_About this exercise_
Without the images, reproduce every entry exactly.

Stored data
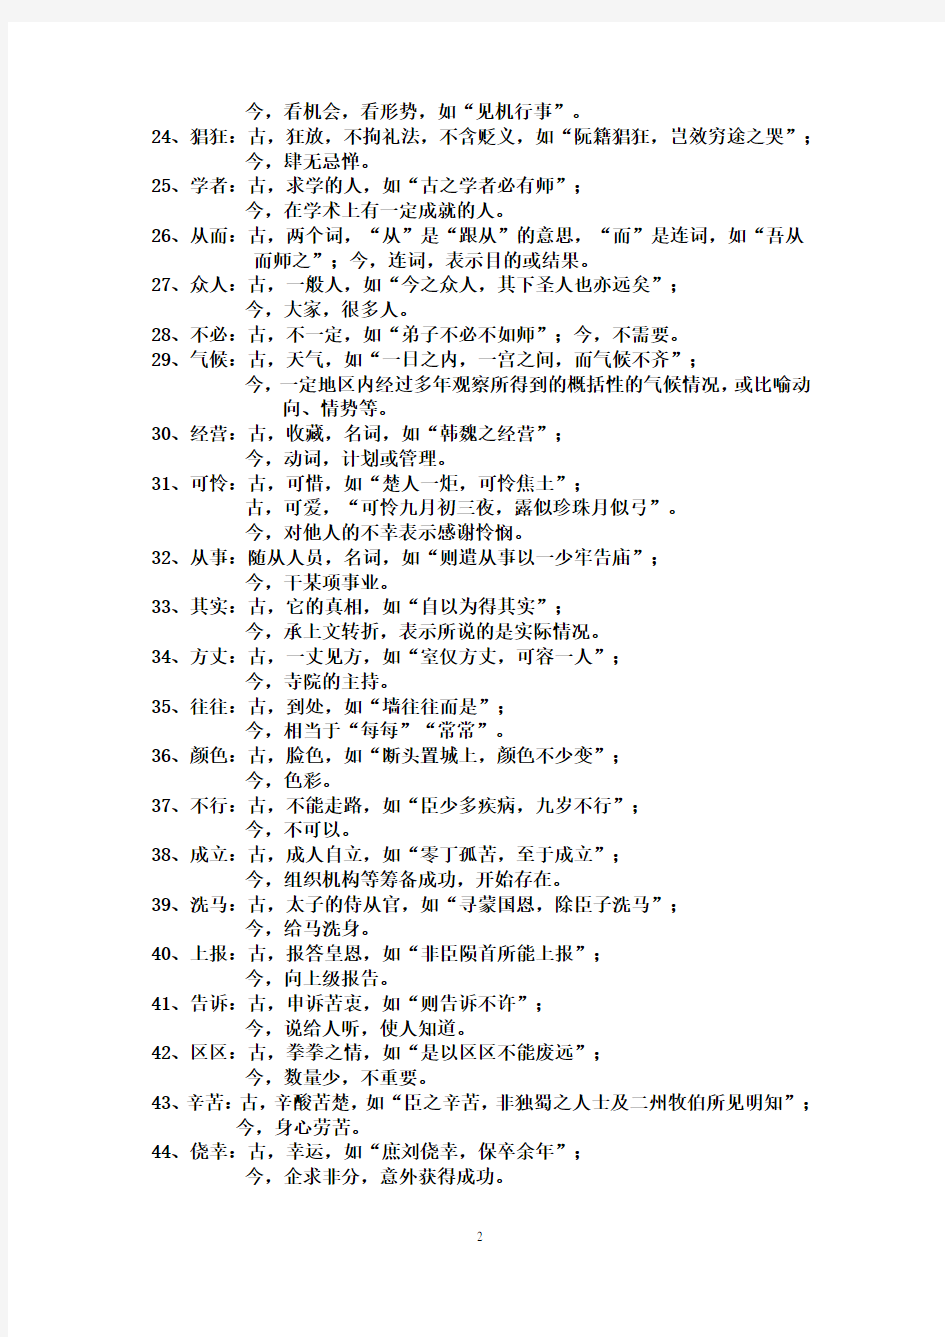 完整word版,古代汉语中的古今异义词语汇总,推荐文档
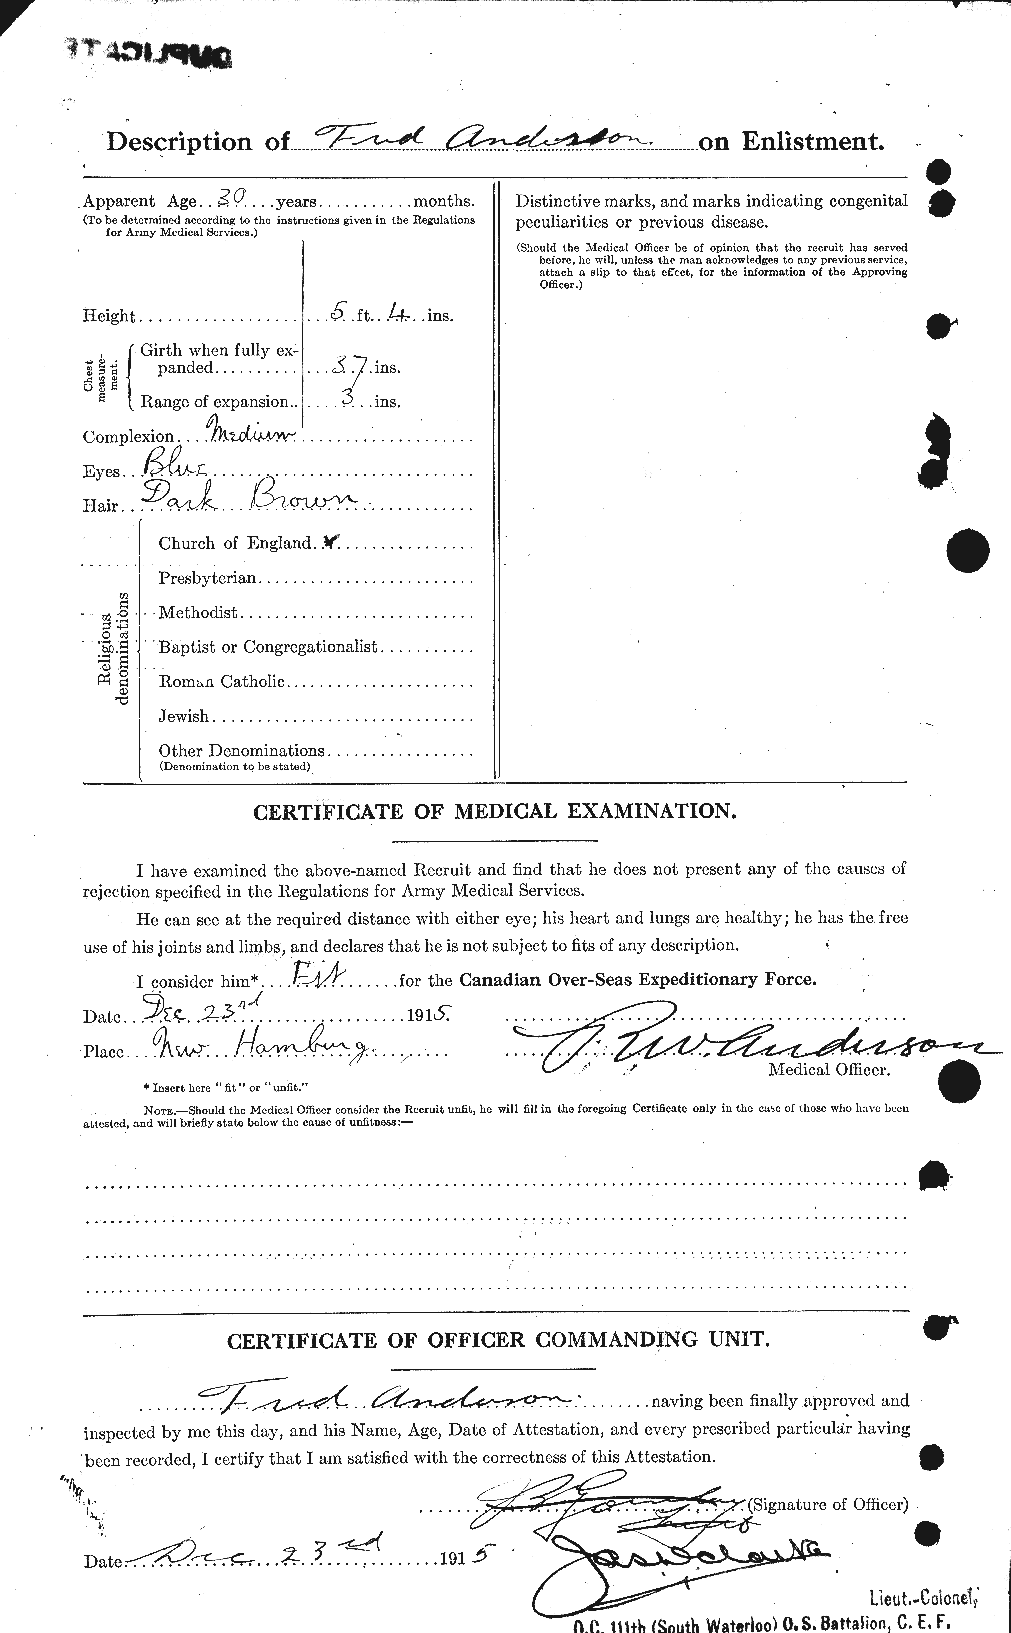 Dossiers du Personnel de la Première Guerre mondiale - CEC 209839b
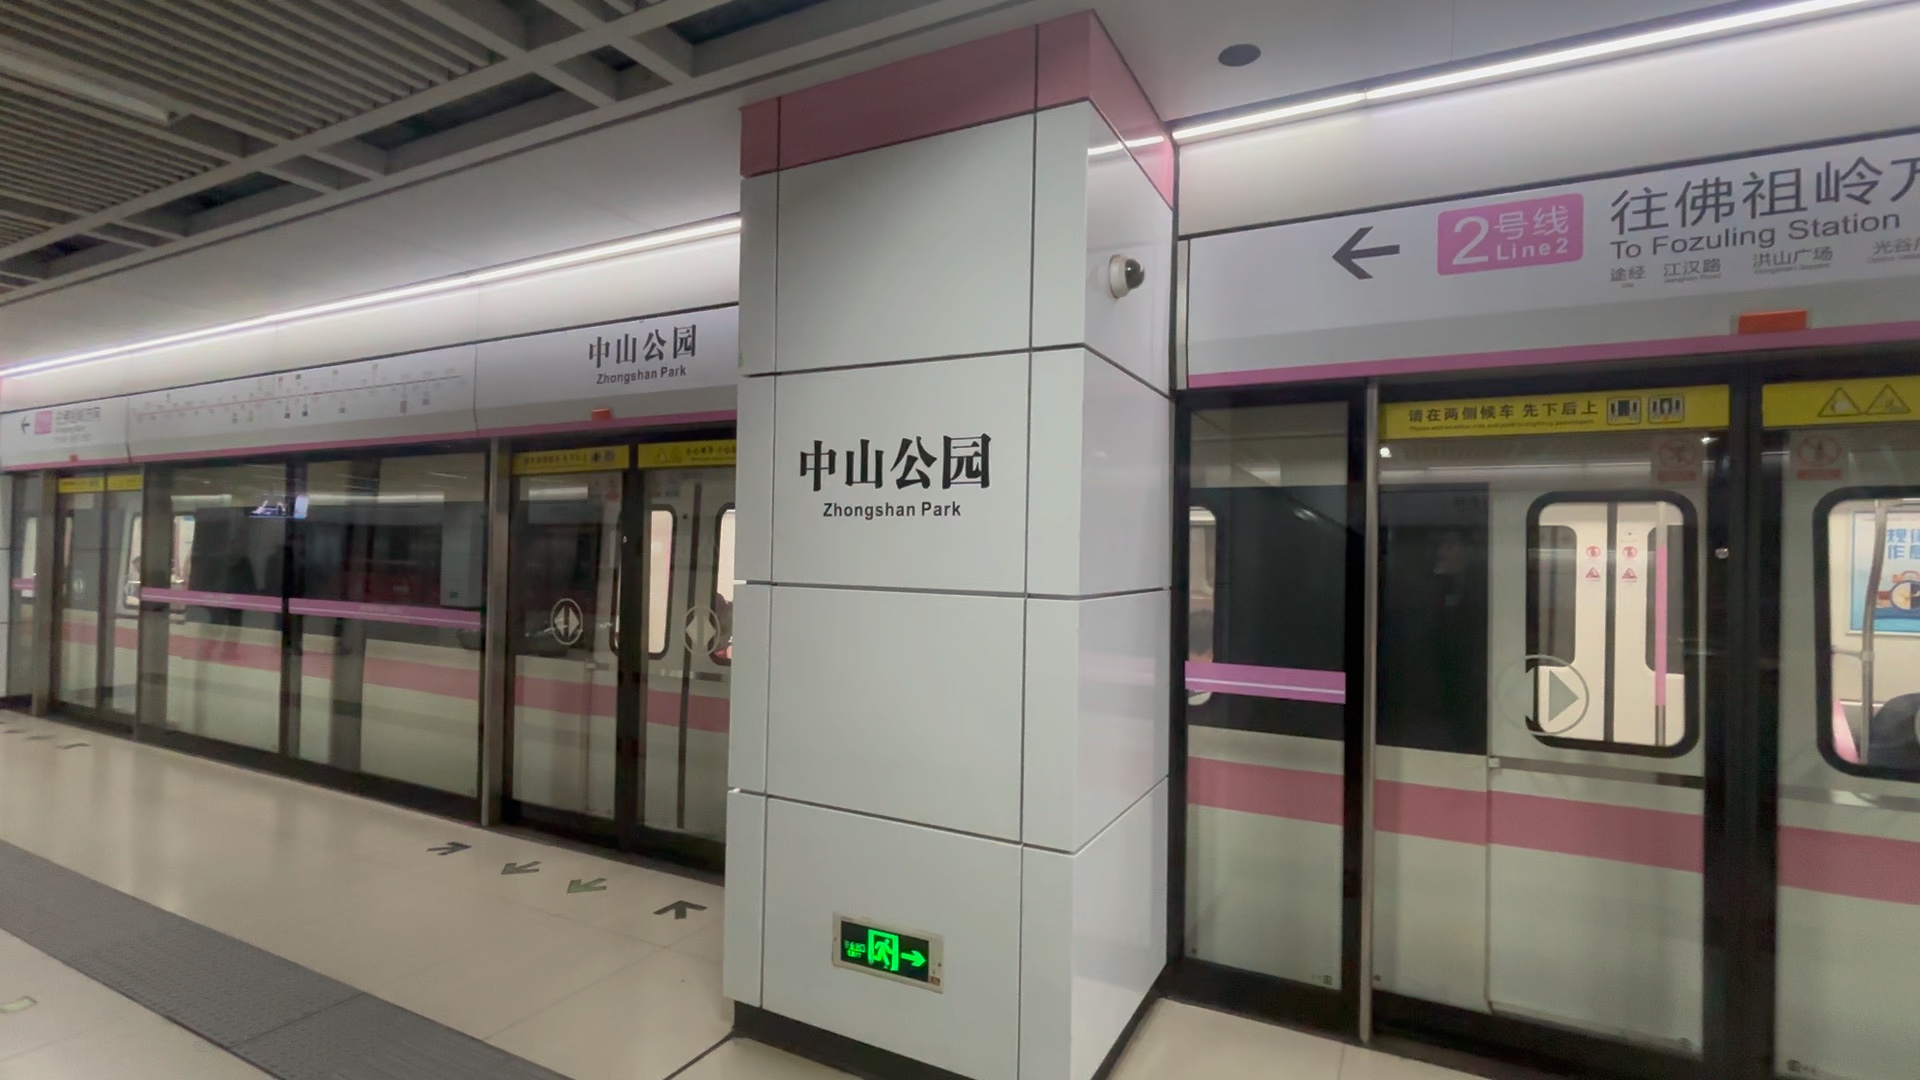 武汉地铁2号线223号车(佛祖岭方向)出中山公园站
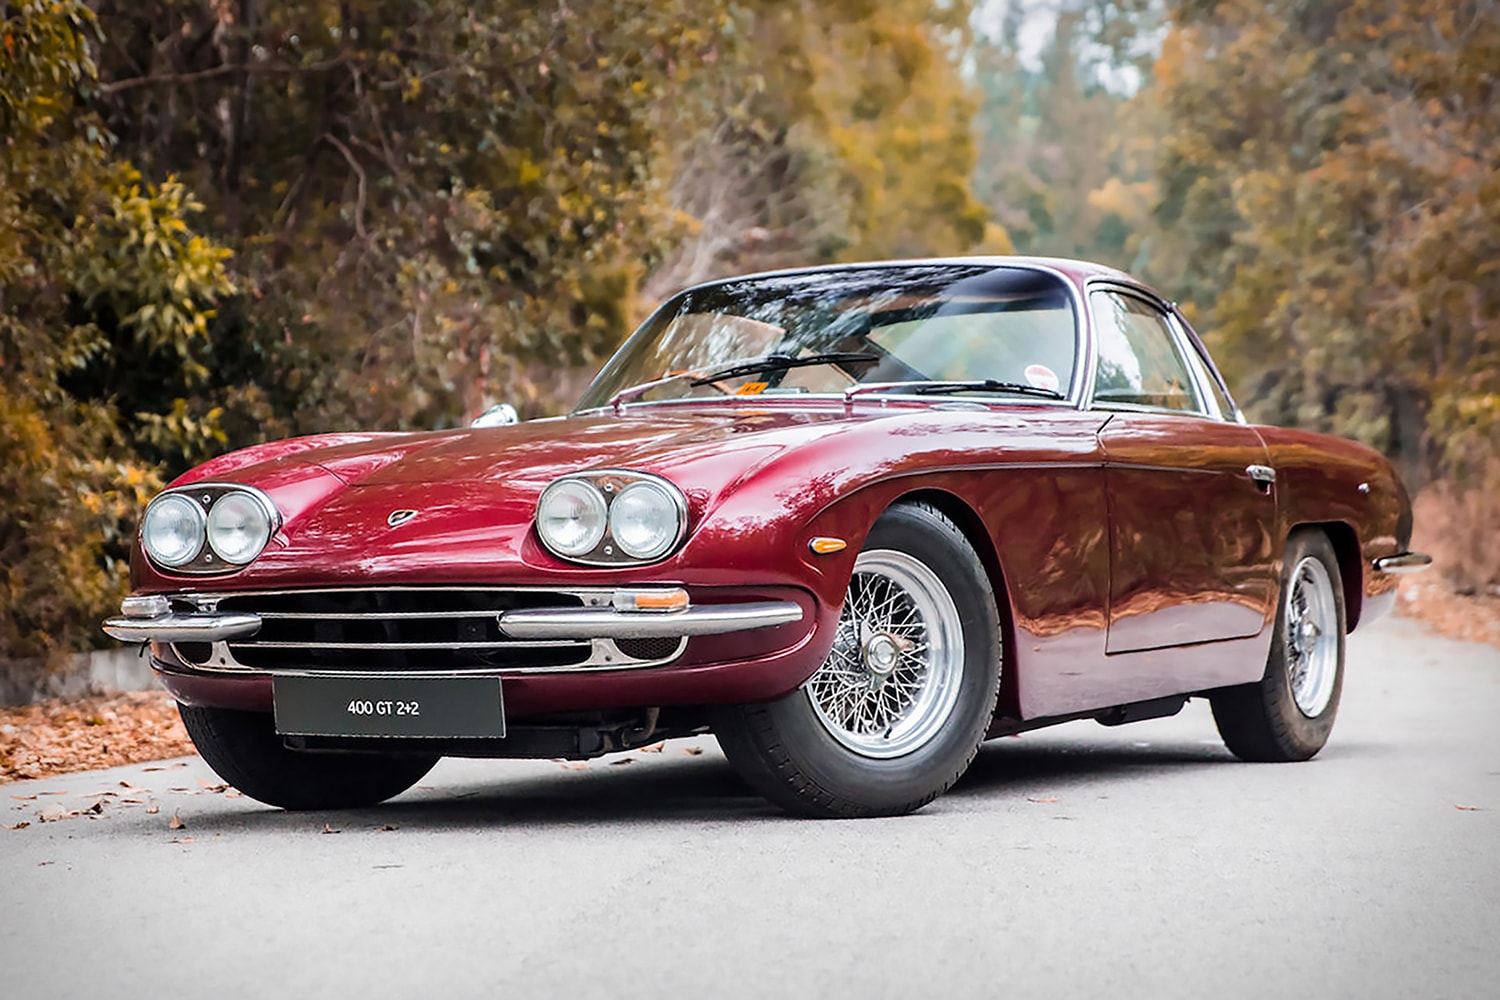 Paul McCartney 1967 Lamborghini 400 GT For Sale auction beatles vintage car bonhams
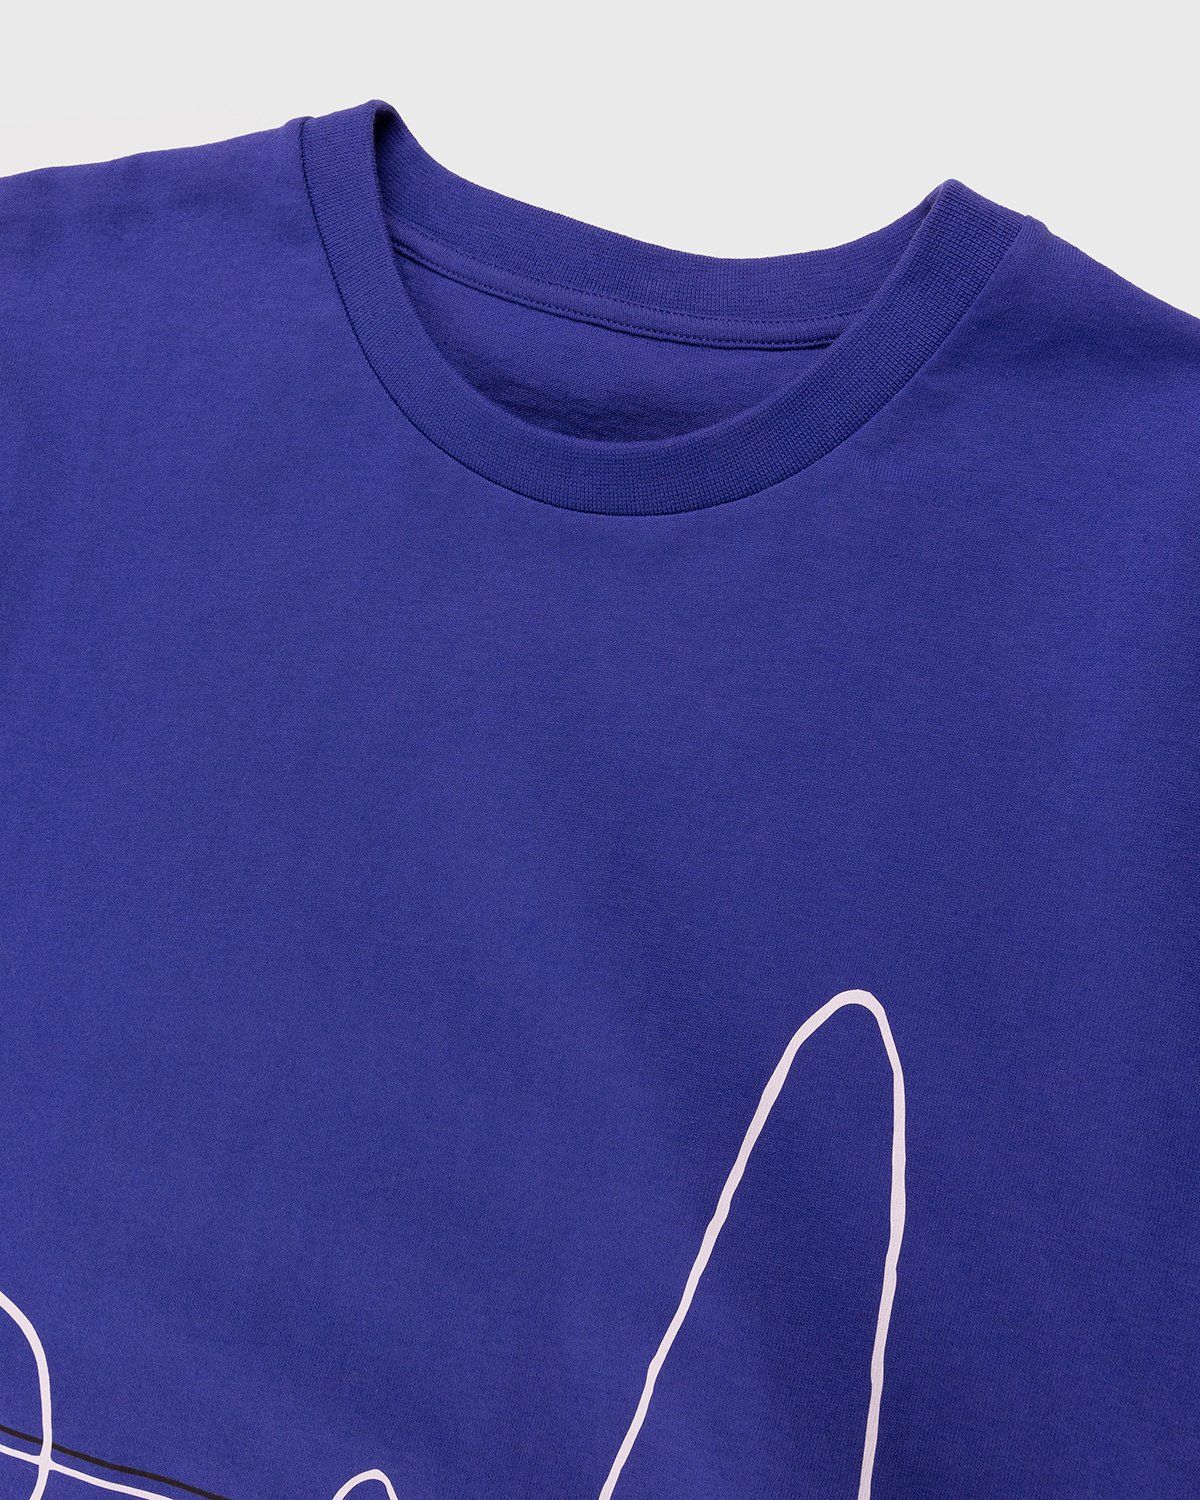 Lemaire – Printed Cotton T-Shirt Cobalt Blue - Image 4

_Response to the exercise_
 完整word版,古代汉语中的古今异义词语汇总,推荐文档
 Dossiers du Personnel de la Première Guerre mondiale - CEC 209839b
 武汉地铁2号线223号车(佛祖岭方向)出中山公园站
 Paul McCartney 1967 Lamborghini 400 GT For Sale auction beatles vintage car bonhams
 Lemaire – Printed Cotton T-Shirt Cobalt Blue - Image 4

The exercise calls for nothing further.